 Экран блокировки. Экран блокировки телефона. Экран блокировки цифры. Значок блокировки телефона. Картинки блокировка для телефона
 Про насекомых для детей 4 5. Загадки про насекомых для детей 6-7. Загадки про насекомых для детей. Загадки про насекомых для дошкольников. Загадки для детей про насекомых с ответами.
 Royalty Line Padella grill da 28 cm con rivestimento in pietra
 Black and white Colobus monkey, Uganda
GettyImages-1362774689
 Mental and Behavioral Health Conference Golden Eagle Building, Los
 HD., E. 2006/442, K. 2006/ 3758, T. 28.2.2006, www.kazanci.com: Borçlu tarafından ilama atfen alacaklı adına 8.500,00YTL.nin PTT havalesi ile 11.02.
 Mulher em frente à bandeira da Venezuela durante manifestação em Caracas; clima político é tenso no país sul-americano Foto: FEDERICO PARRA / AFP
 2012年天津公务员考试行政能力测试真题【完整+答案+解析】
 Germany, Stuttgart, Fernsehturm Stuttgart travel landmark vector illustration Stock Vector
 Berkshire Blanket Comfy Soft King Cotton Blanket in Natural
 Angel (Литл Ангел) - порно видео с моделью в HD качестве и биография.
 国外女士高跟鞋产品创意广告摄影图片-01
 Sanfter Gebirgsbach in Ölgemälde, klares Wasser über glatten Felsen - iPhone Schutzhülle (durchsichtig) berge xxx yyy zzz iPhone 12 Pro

▸ **WORK TO BE COMPLETED**:
Copy out the lines above, from the one holding "HD., E. 2006/442, K." through the final line, with no other lines.

▸ **SOLUTION BELOW**:
 HD., E. 2006/442, K. 2006/ 3758, T. 28.2.2006, www.kazanci.com: Borçlu tarafından ilama atfen alacaklı adına 8.500,00YTL.nin PTT havalesi ile 11.02.
 Mulher em frente à bandeira da Venezuela durante manifestação em Caracas; clima político é tenso no país sul-americano Foto: FEDERICO PARRA / AFP
 2012年天津公务员考试行政能力测试真题【完整+答案+解析】
 Germany, Stuttgart, Fernsehturm Stuttgart travel landmark vector illustration Stock Vector
 Berkshire Blanket Comfy Soft King Cotton Blanket in Natural
 Angel (Литл Ангел) - порно видео с моделью в HD качестве и биография.
 国外女士高跟鞋产品创意广告摄影图片-01
 Sanfter Gebirgsbach in Ölgemälde, klares Wasser über glatten Felsen - iPhone Schutzhülle (durchsichtig) berge xxx yyy zzz iPhone 12 Pro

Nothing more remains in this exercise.